:: TASK PROMPT ::
Below are the records; repeat exactly their lines between the line holding "Акция на имплантацию протезирование зубов" and the line holding "Nono NONO jurk 5804 swedish blue", inclusive, skipping the pictures.

---------- DATA LISTING ----------

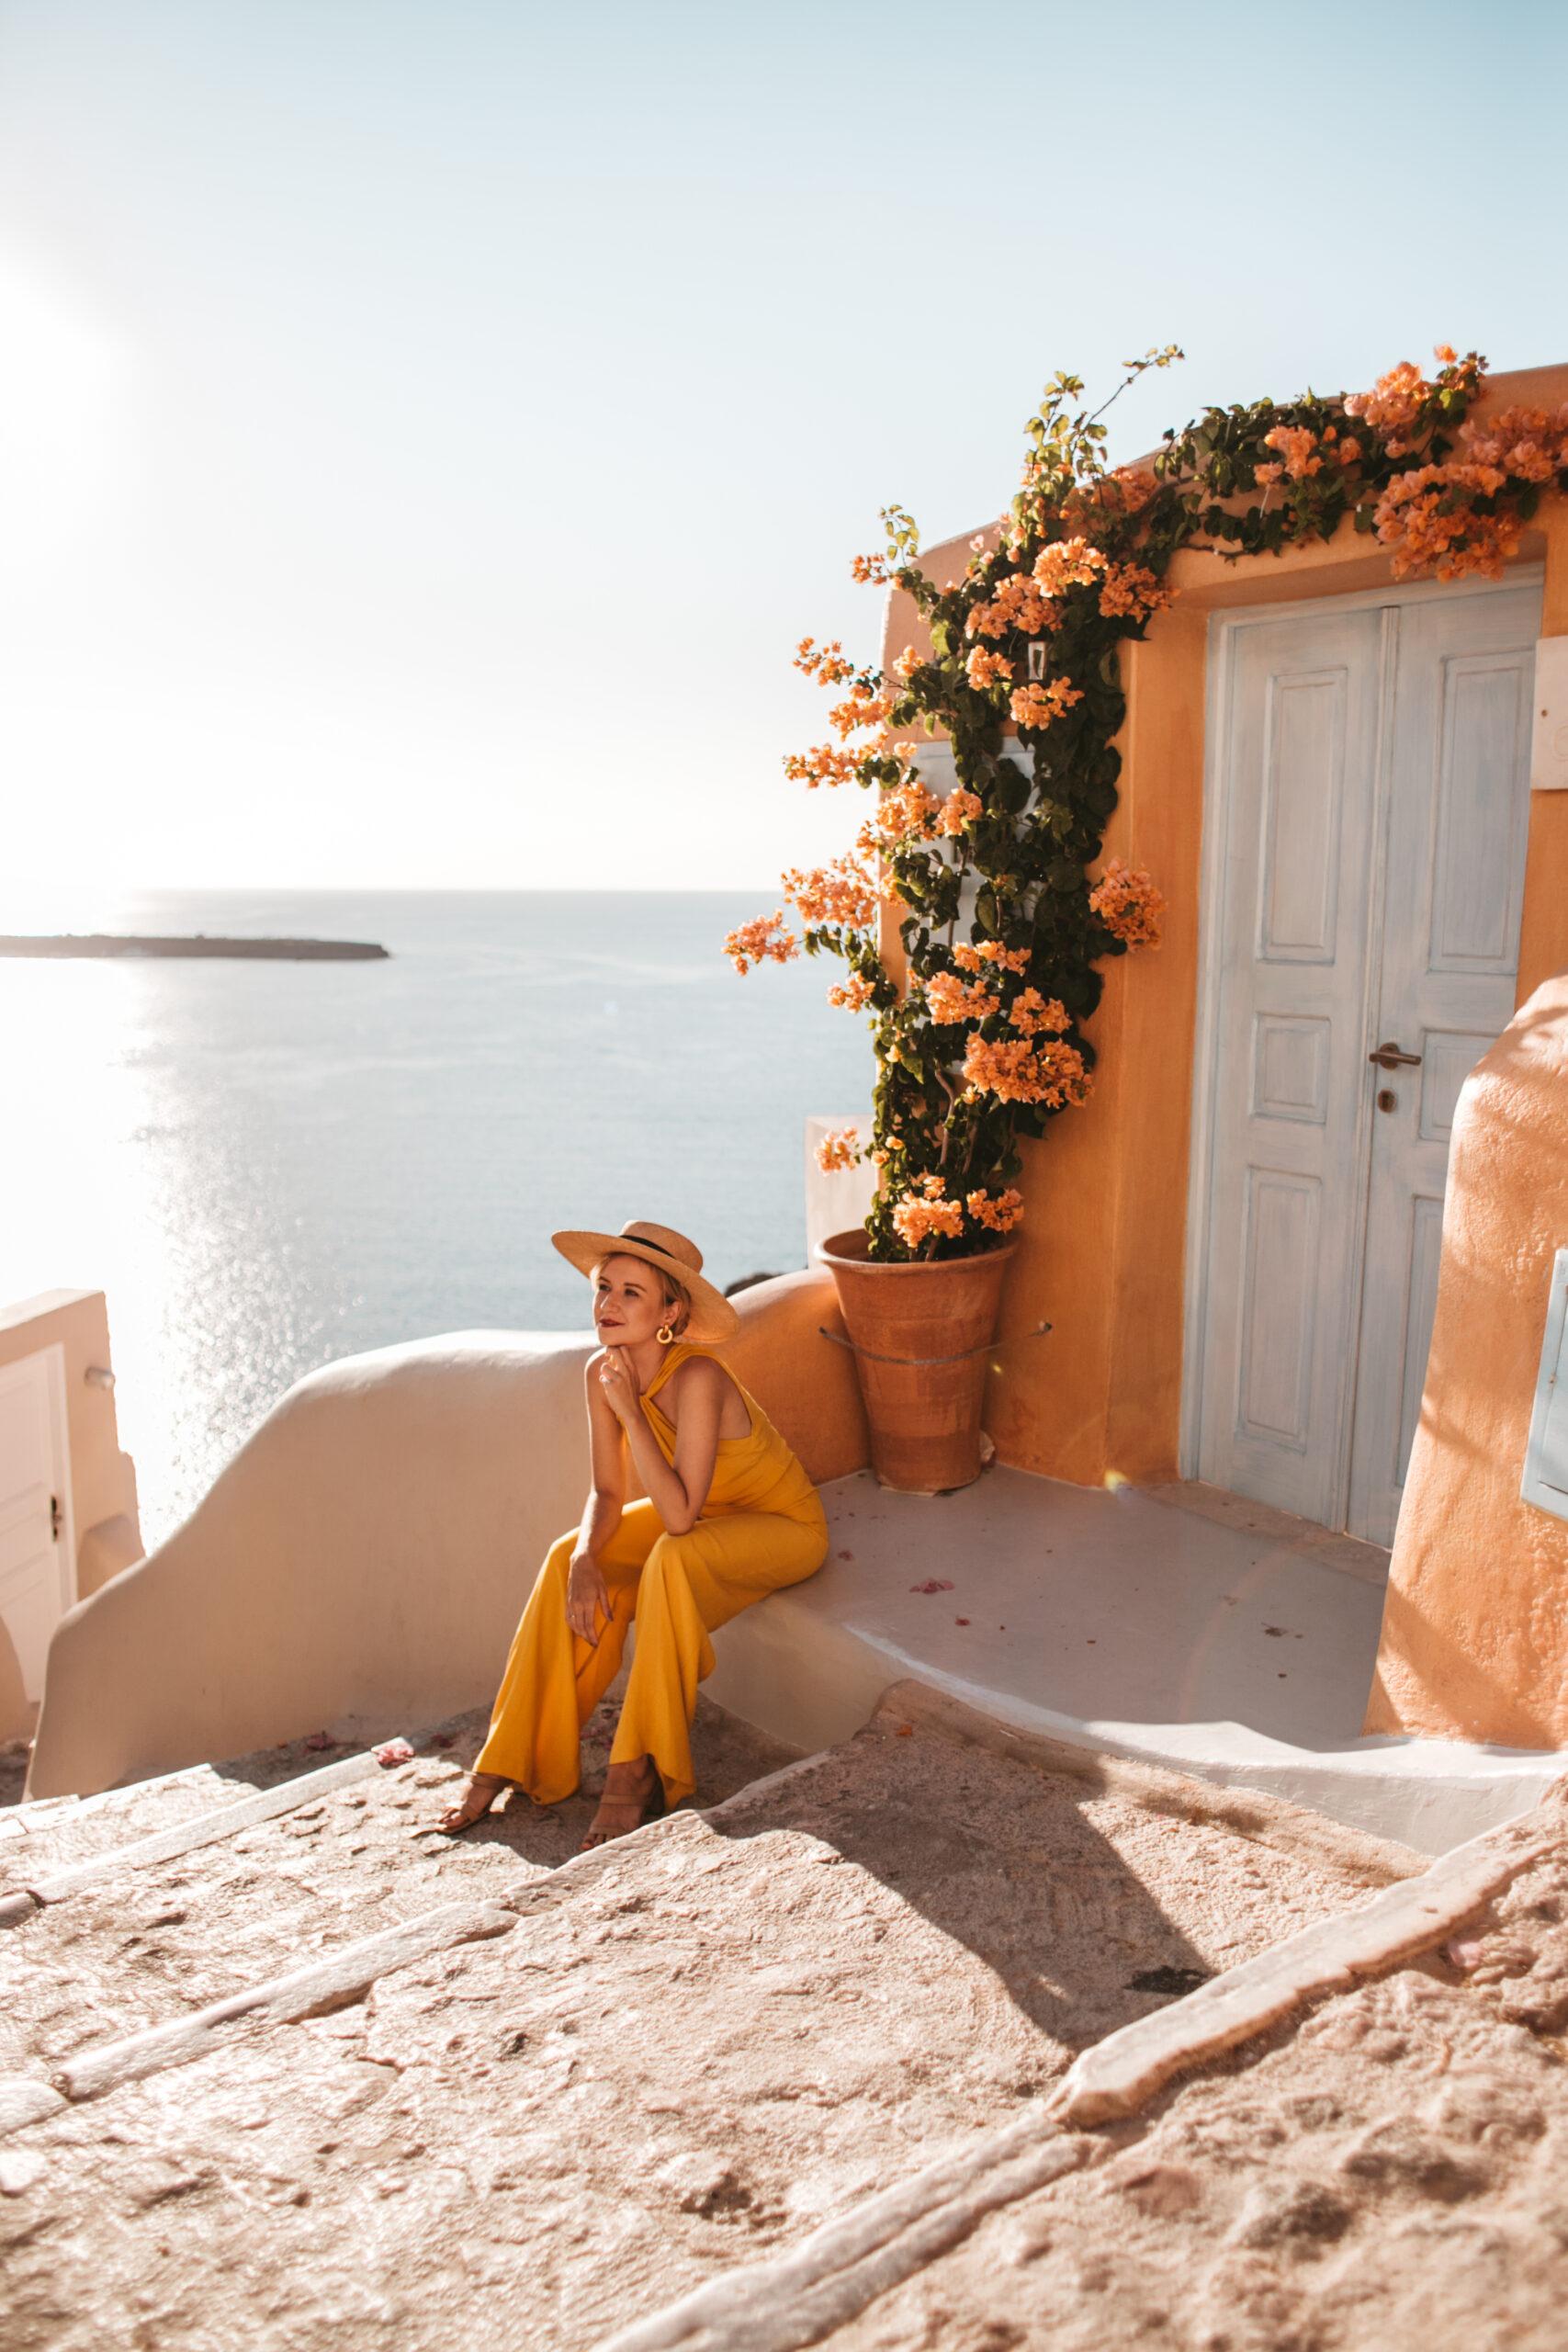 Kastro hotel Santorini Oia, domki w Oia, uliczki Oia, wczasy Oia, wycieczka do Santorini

----------
---------- DATA LISTING ----------

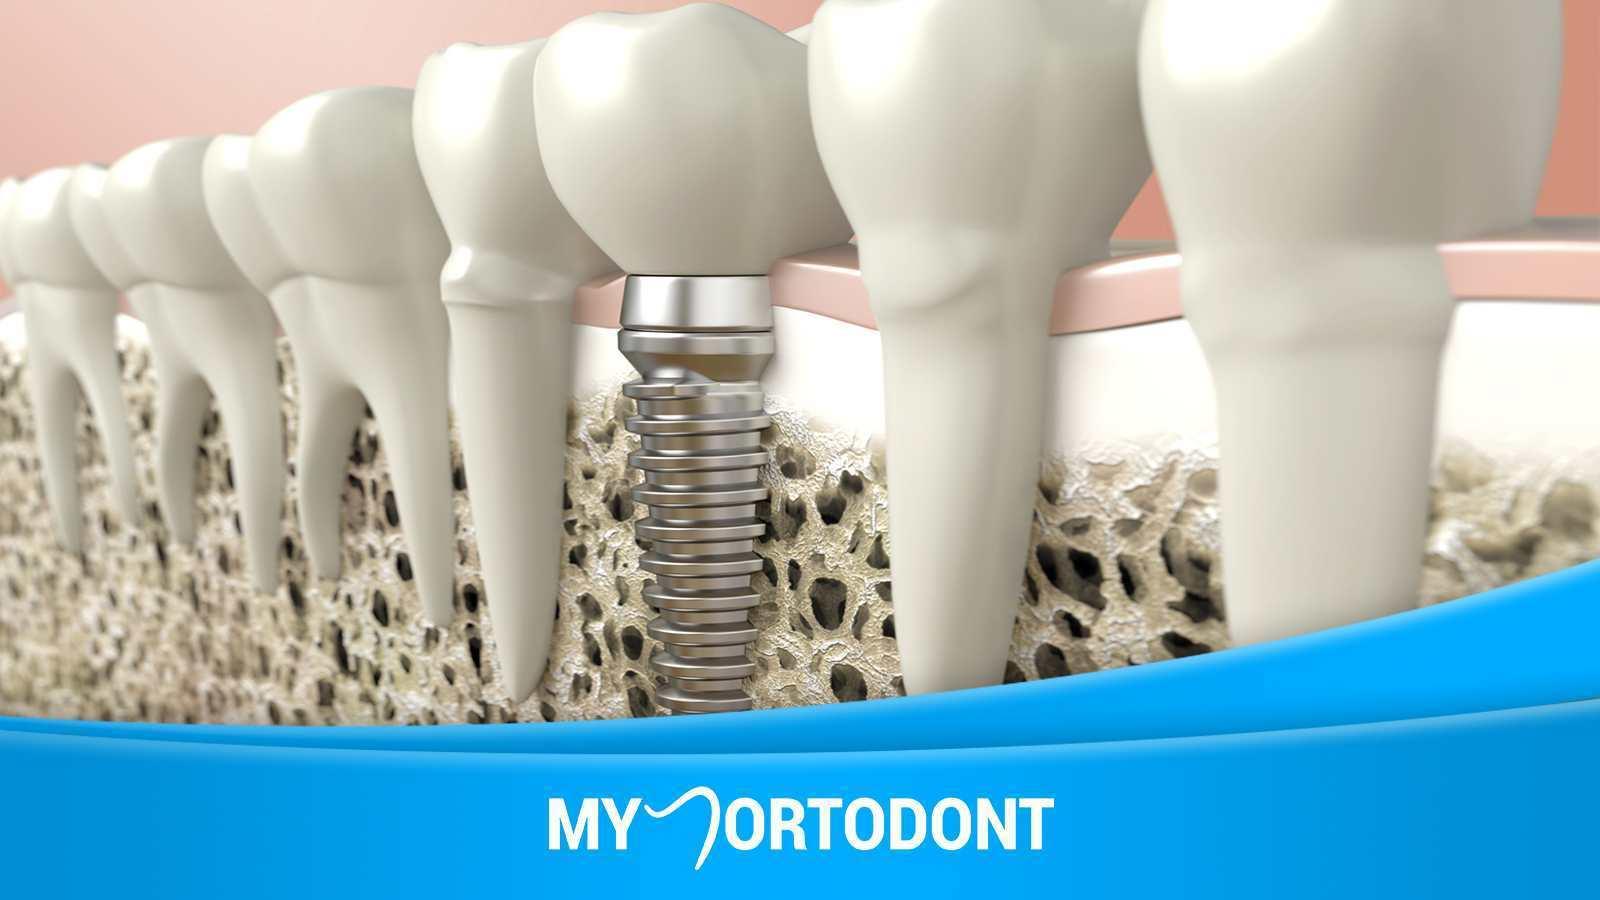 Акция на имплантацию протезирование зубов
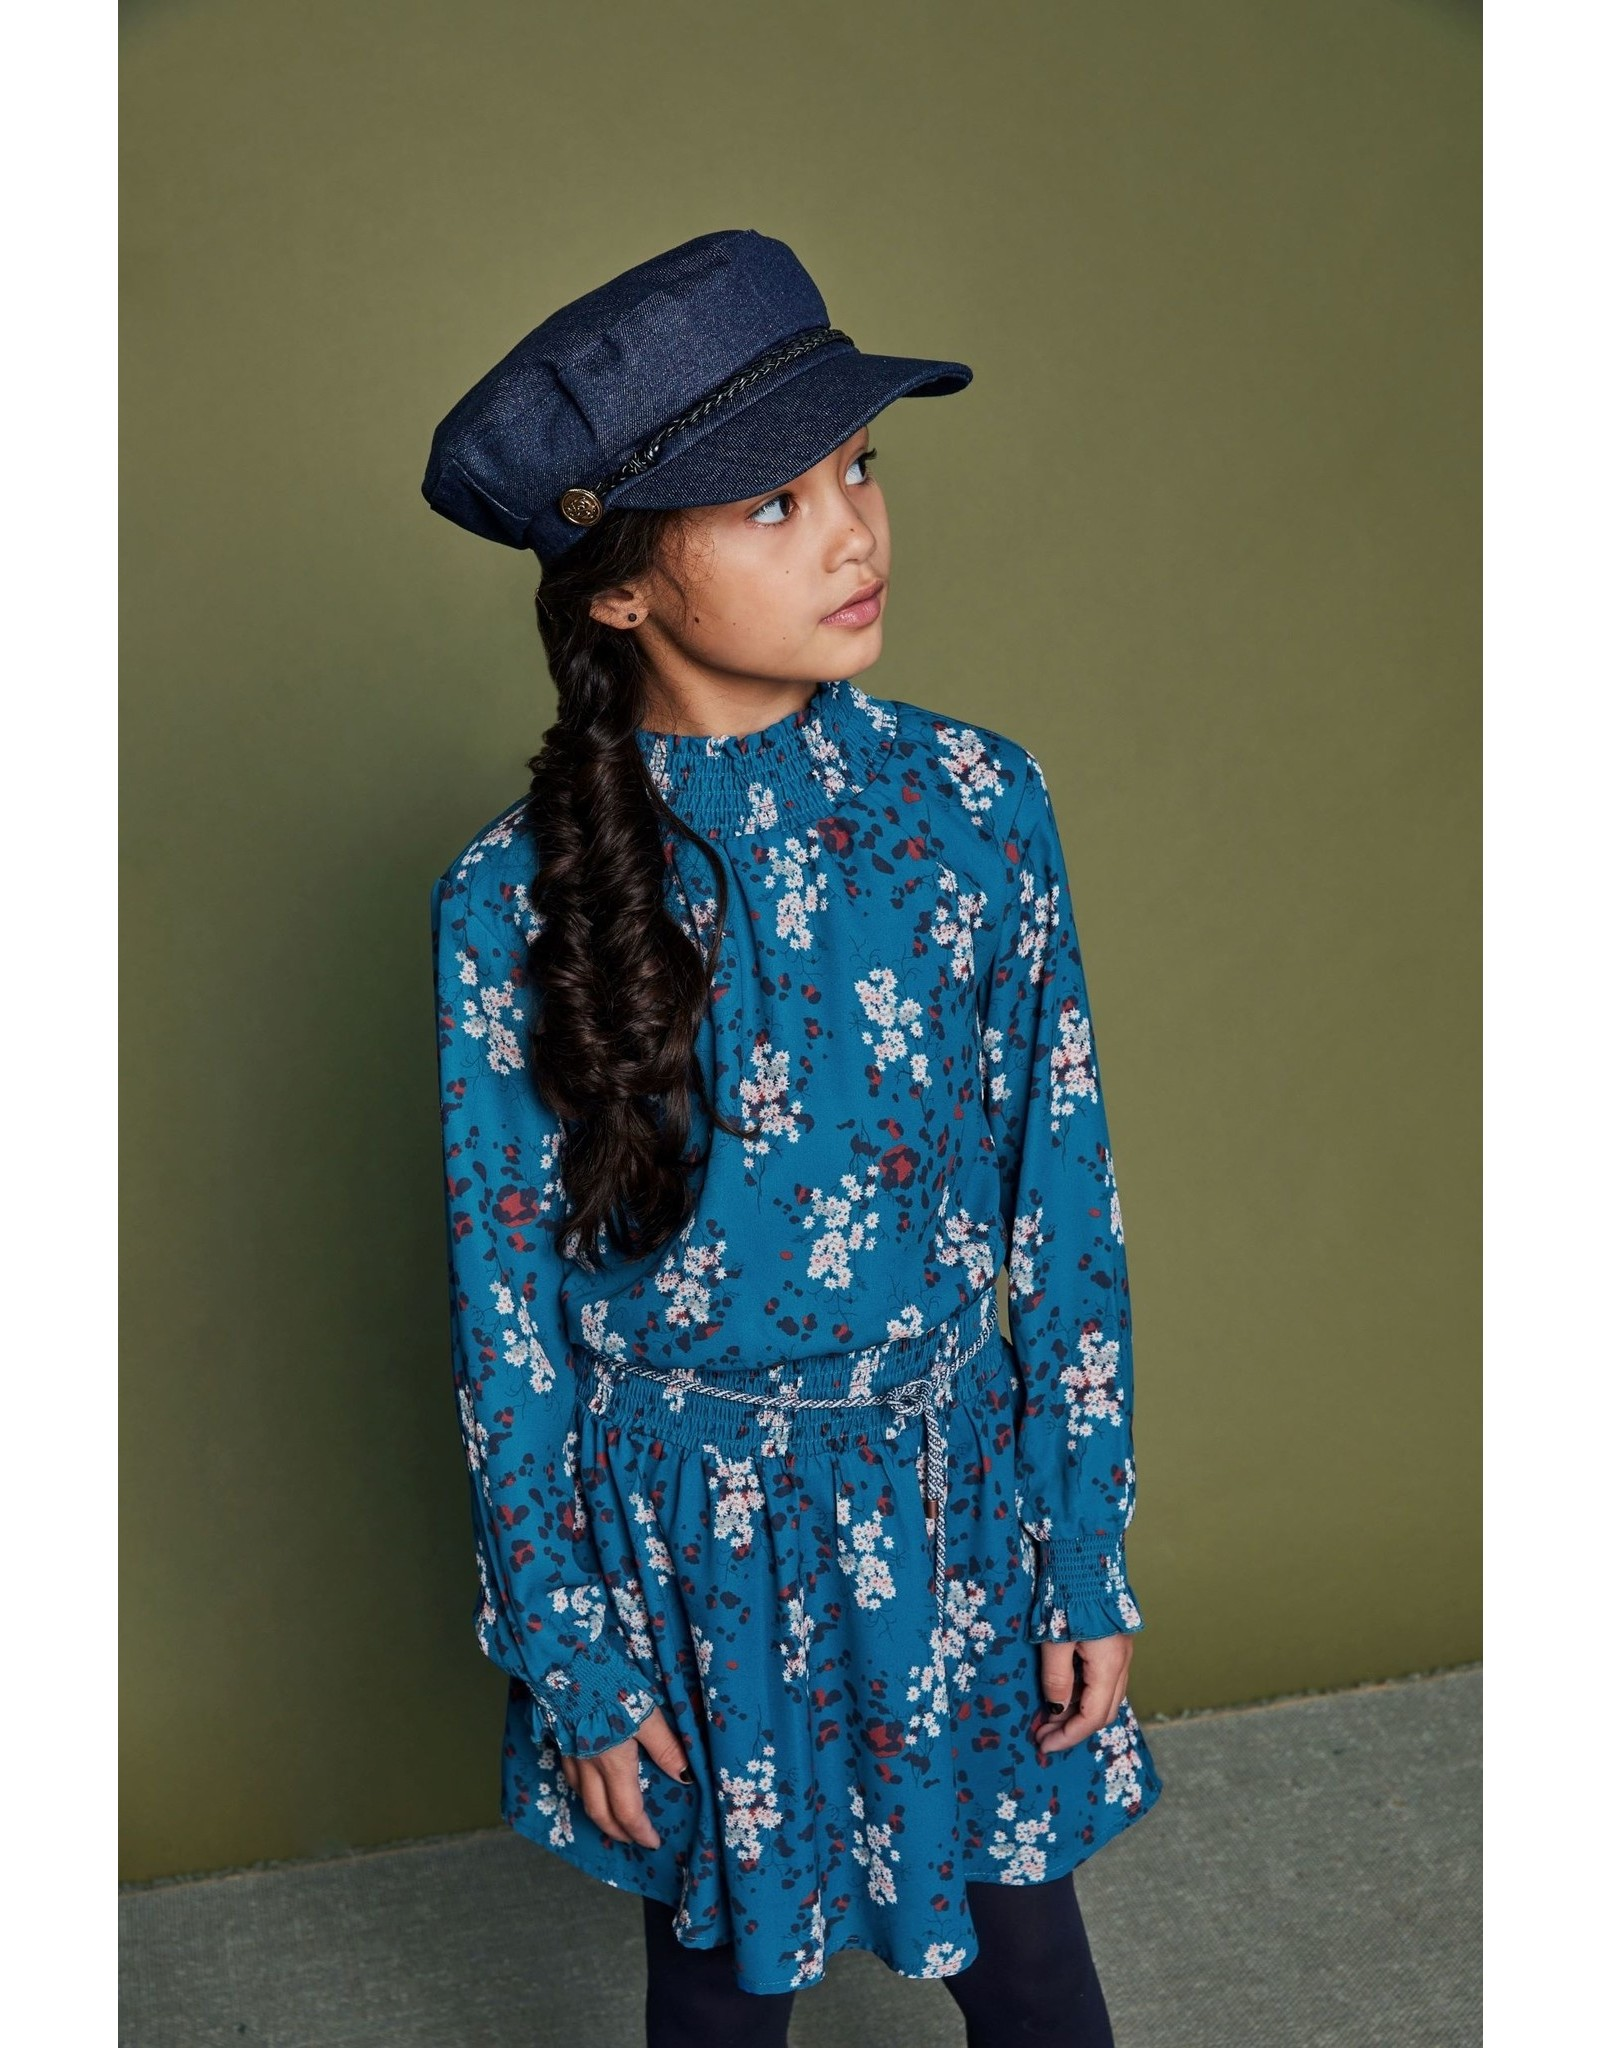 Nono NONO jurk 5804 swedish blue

----------

:: OUTPUT FOR THIS TASK ::
 Акция на имплантацию протезирование зубов
 Nono NONO jurk 5804 swedish blue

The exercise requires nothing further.